So kommt unterm Strich die alte Leier heraus: ein Pass. Vielleicht sogar mit der geringfügigen Neigung, dass es doch die Heimmannschaft biegen könnte?
 
Teamnews: 
Bei Luzern fehlt Ersatztorwart Gabriel Wüterich (31) sowie Dario Leczano (22, OM, 14/2/2) 
Bei Thun sind es Dennis Hediger (26, DM, 14/0/2) und Renato Steffen (21, LM, 10/2/2) Gelbsperre
 
Luzern nun mit ernsten Sorgen. Nächste Woche das Sechs-Punkte-Spiel gegen Servette. Vorher hat man +5 Punkte, nachher +2, +5 oder +8.  Die Lage ist also ziemlich ernst für den Vizemeister.
In dieser Partie waren sie jedoch ziemlich klar überlegen, hatten eine Vielzahl von glänzenden Chancen, sowie einen nicht gegebenen Elfmeter zu verzeichnen.
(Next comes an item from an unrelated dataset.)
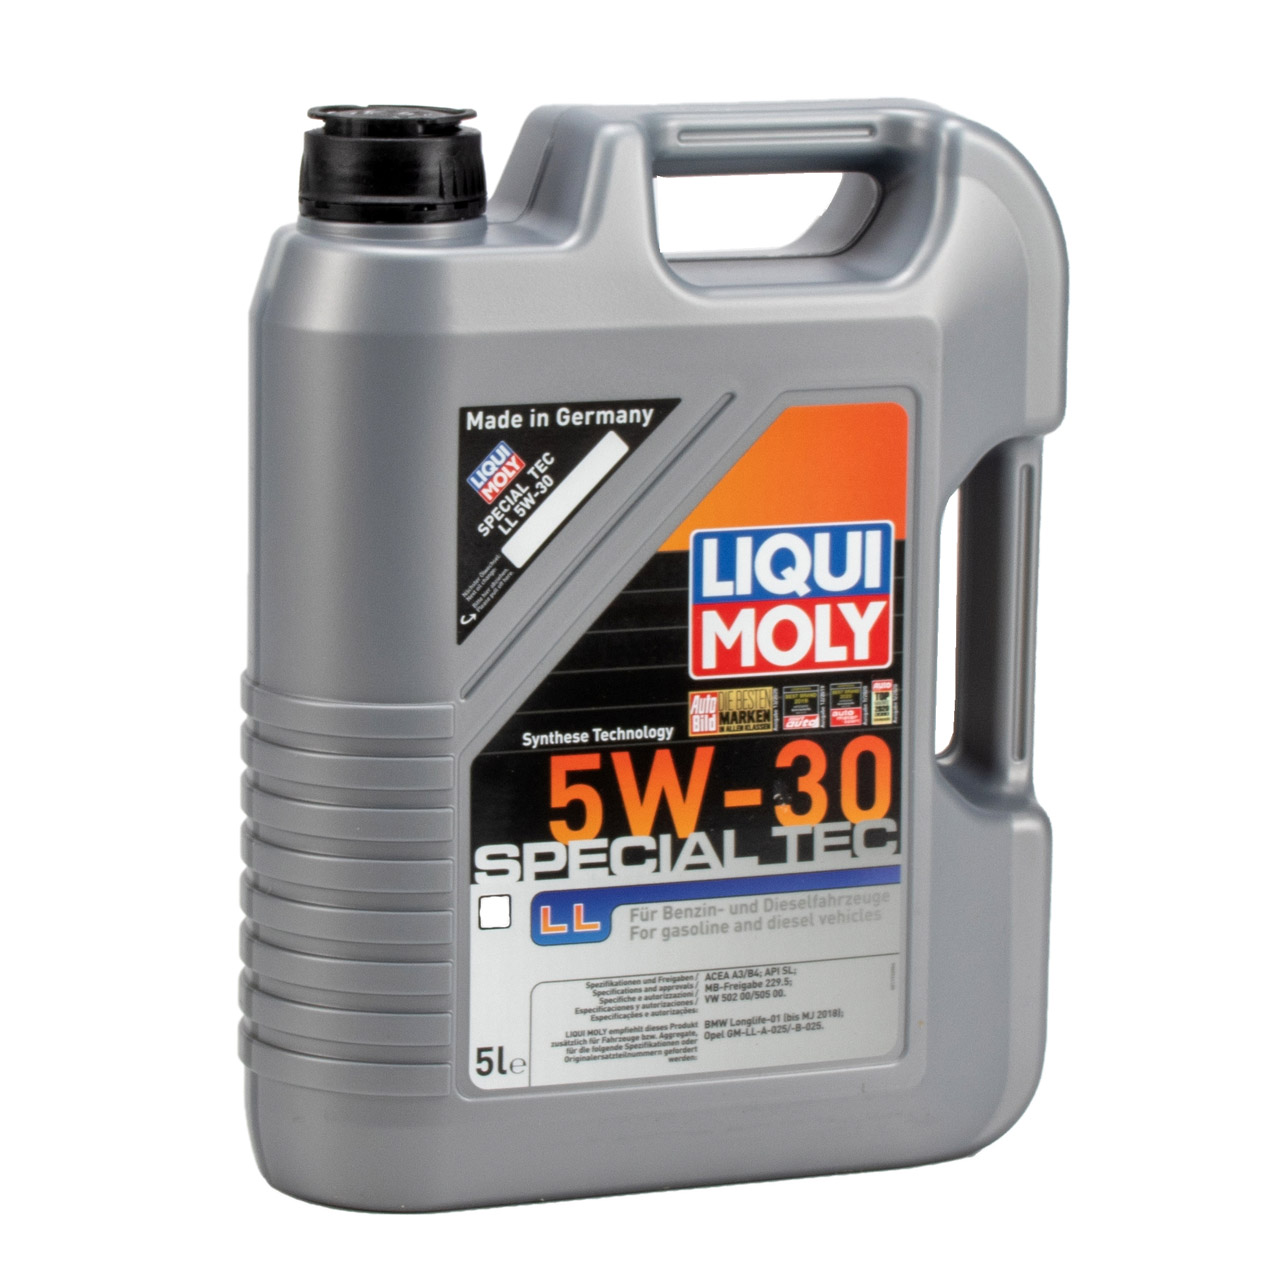 LIQUI MOLY Motoröl Öl SPECIAL TEC LL 5W30 MB 229.5 VW 502/505.00 - 5L 5 Liter

Da auch Thun ein paar sehr gute Chancen hervorbrachte — jeweils gegen Ende der Halbzeiten zwei bis drei Stück — war es ein sehr gutes Spiel, von beiden Seiten, und alles andere als ein 0:0 Spiel. Teils überaus kurios (und nur unglücklich und nicht etwa eine Art von oftmals reporterseits angedichteter „Abschlussschwäche“, wie die Chancen verpasst wurden.
Beide Teams also eigentlich gut drauf, wobei die Situation bei Luzern halt so unerfreulich ernst ist, dass man nicht weiß, wie sie bei Servette aussehen werden. Tendenz aber eigentlich: sie holen etwas dort.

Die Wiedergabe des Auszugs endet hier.